Family Circus : “Dolly, please TURN OFF THE DARK!” … I didn’t Dolly grew up to become Julie Taymor.
*******
Gil Thorp : Geez, Back off, Ericka, Mimi’s married and straight, you’re coming off a little strong for “I plan to divorce my husband”, when all Coach Mrs Thorp said was “my marriage is kind of in a rough patch, the feeling is not there anymore.”
*******
Luann : D. Coverly is Jack, and the heroine is a thinly-disguised Bernice, because of course everything revolves around Bernice and how awesome she is.
Always remember “Inner Beauty” initially referred to Nancy, Karen’s OTHER author avatar (once she realised they’re the same age now)That, or it’s professor Zebo, because
he hasn’t been used in a whilehis “uses big pretentious words to pretend he’s smart” translates very well into “writes unreadable purple prose dumb people are convinced sounds intelligent”, which is a neat angle for “actually, this erotica is very well written and clever!”(Nah, that won’t happen, that would make BERNICE the butt of the joke, and Bernice is NEVER to be the target of ridicule!)*******
Mary Worth : “I wish for happiness for however long God gives us to live on this Earth”!? Sheesh, Iris, you’re just in your 50s, it’s not like you’re a terminal cancer patient with only 6 months left to live, what’s with this “I could drop dead right after the ceremony” stuff?
********
Pluggers : think any phenomenon that annoys them is recent, even though I’m pretty sure Saint Augustine, Florida got wrecked pretty hard by HURRICANE ANDREW in the early 90s.

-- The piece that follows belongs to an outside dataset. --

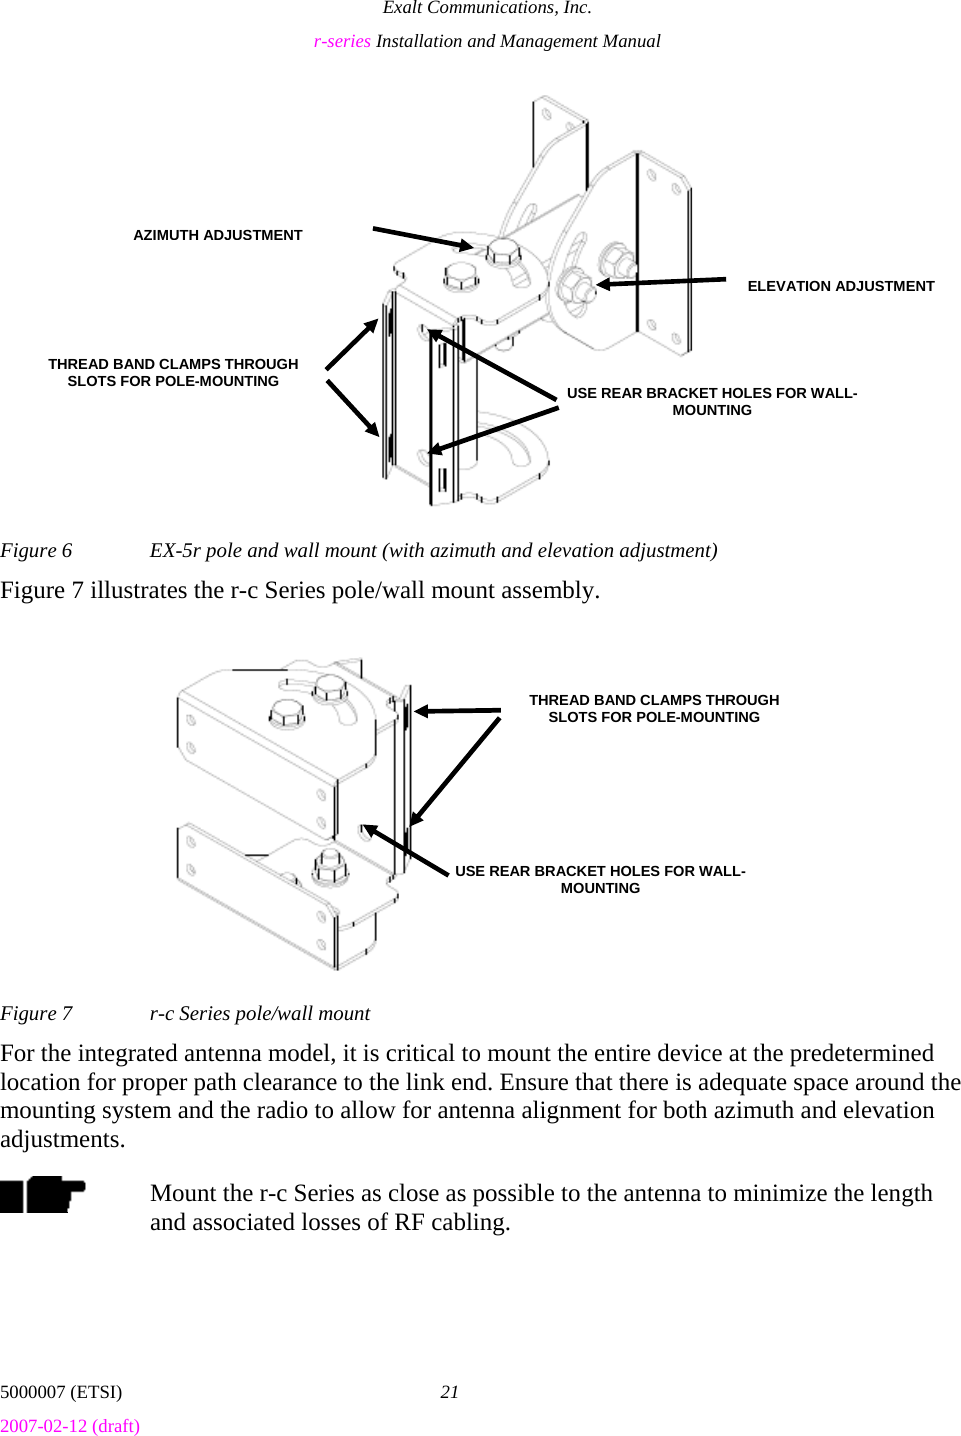 Exalt Communications, Inc. r-series Installation and Management Manual 5000007 (ETSI)  21 2007-02-12 (draft)  Figure 6  EX-5r pole and wall mount (with azimuth and elevation adjustment) Figure 7 illustrates the r-c Series pole/wall mount assembly. Figure 7  r-c Series pole/wall mount For the integrated antenna model, it is critical to mount the entire device at the predetermined location for proper path clearance to the link end. Ensure that there is adequate space around the mounting system and the radio to allow for antenna alignment for both azimuth and elevation adjustments. Mount the r-c Series as close as possible to the antenna to minimize the length and associated losses of RF cabling. THREAD BAND CLAMPS THROUGH SLOTS FOR POLE-MOUNTING  USE REAR BRACKET HOLES FOR WALL-MOUNTING AZIMUTH ADJUSTMENTELEVATION ADJUSTMENTUSE REAR BRACKET HOLES FOR WALL-MOUNTING THREAD BAND CLAMPS THROUGH SLOTS FOR POLE-MOUNTING

Also, didn’t Rhino-Man hock his TV? Did he buy it back?********
Slylock Fox : “This pizzeria is kinda grody. There’s a live cat, like, right over there!” “Oh, come on, babe, it’s not that bad! I’ve eaten at worst pizzerias!” “I don’t believe you.” “Well, there was that place, back in Ohio, called Monotony or something like that…”
MW: Or they could just be reincarnated as Pluggers — the possibilities are endless!
DtM: Frankly, the roots of Burning Man I didn’t see coming.
@Baja Gaijin: Holy smokes, these are excellent.
MW: “Maybe even beyond?”
Either Zak’s a confirmed agnostic, or he’s expecting to find someone better after he dies.
SF: Oh, dear Heaven, are the Forths finally getting therapy? They’re sure to pick the weirdest practitioner in town.
MW: Oh, for crying out loud, shut up and get some food! You did order food, didn’t you?
GT: We’ve seen Mimi be a total bitch to her husband and plot behind his back to divorce him. But she has a different sob story for the outside world. If Gil is well-insured, this could take an ugly turn.
DUSTIN: You’re gonna break every bone in your body, you decrepit old sexist.
Oh, damn it. You know, one of the things I liked about the comics is that, whenever WLW show up, they’re side characters whose relationships aren’t in jeopardy and I don’t have to be gripped with anxiety about how their relationships will go. But Gil Thorp has broken this pattern and I have no idea whether Mimi will find new love or get shoved back into heteronormativity.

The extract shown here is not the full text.